In a prospective, non-inferiority, parallel-group, published randomized clinical trial, definitive (i.e. based on susceptibility confirmed in-vitro) treatment with piperacillin/tazobactam, compared with meropenem, did not result in a non-inferior 30-day mortality in adult patients with ceftriaxone-non-susceptible E. coli or K. pneumoniae blood stream infections.
A total of 23 of 187 patients (12.3%) randomized to piperacillin/tazobactam met the primary outcome of mortality at 30 days compared with 7 of 191 (3.7%) randomized to meropenem (risk difference, 8.6% [1-sided 97.5% CI − ∞ to 14.5%]; P = 0.90 for non-inferiority). The difference did not meet the non-inferiority margin of 5%.
Effects were consistent in an analysis of the per-protocol population, with 18 of 170 patients (10.6%) meeting the primary outcome in a piperacillin/tazobactam group compared with 7 of 186 (3.8%) in the meropenem group (risk difference, 6.8% [one-sided 97.5% CI, - ∞ to 12.8%]; P = 0.76 for non-inferiority).
Clinical and microbiological resolution (secondary outcomes) by day 4 occurred in 121 of 177 patients (68.4%) in the piperacillin/tazobactam group compared with 138 of 185 (74.6%), randomized to meropenem (risk difference, 6.2% [95% CI − 15.5 to 3.1%]; P = 0.19). For secondary outcomes, statistical tests were 2-sided, with a P <0.05 considered significant.

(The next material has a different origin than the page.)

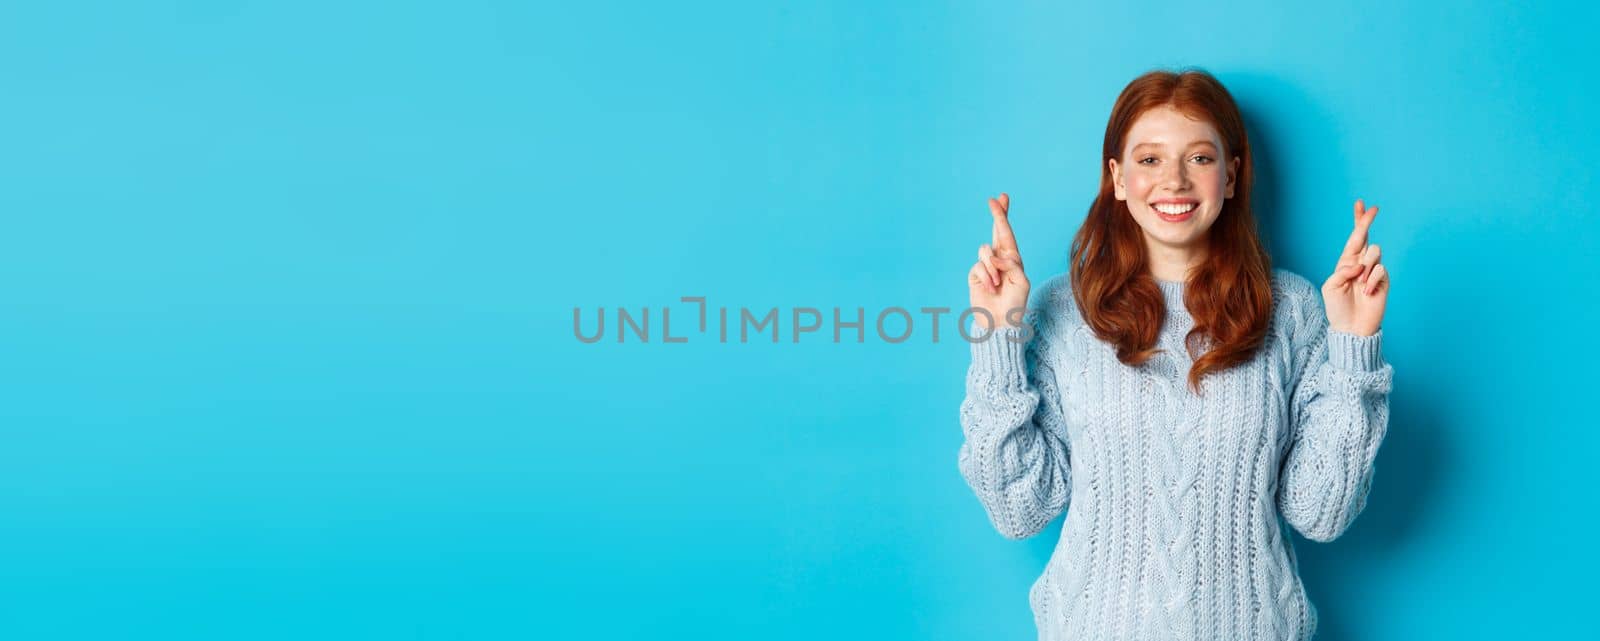 Hopeful redhead girl making a wish, cross fingers for good luck, smiling and anticipating good news or positive result, standing against blue background.

In this trial, a mortality imbalance between study groups was found. It was supposed that deaths occurred in piperacillin/tazobactam group were related to underlying diseases rather than to the concomitant infection.
The peak piperacillin and tazobactam concentrations after 4 g / 0.5 g administered over 30 minutes by intravenous infusion are 298 µg/ml and 34 µg/ml respectively.
Both piperacillin and tazobactam are approximately 30% bound to plasma proteins. The protein binding of either piperacillin or tazobactam is unaffected by the presence of the other compound. Protein binding of the tazobactam metabolite is negligible.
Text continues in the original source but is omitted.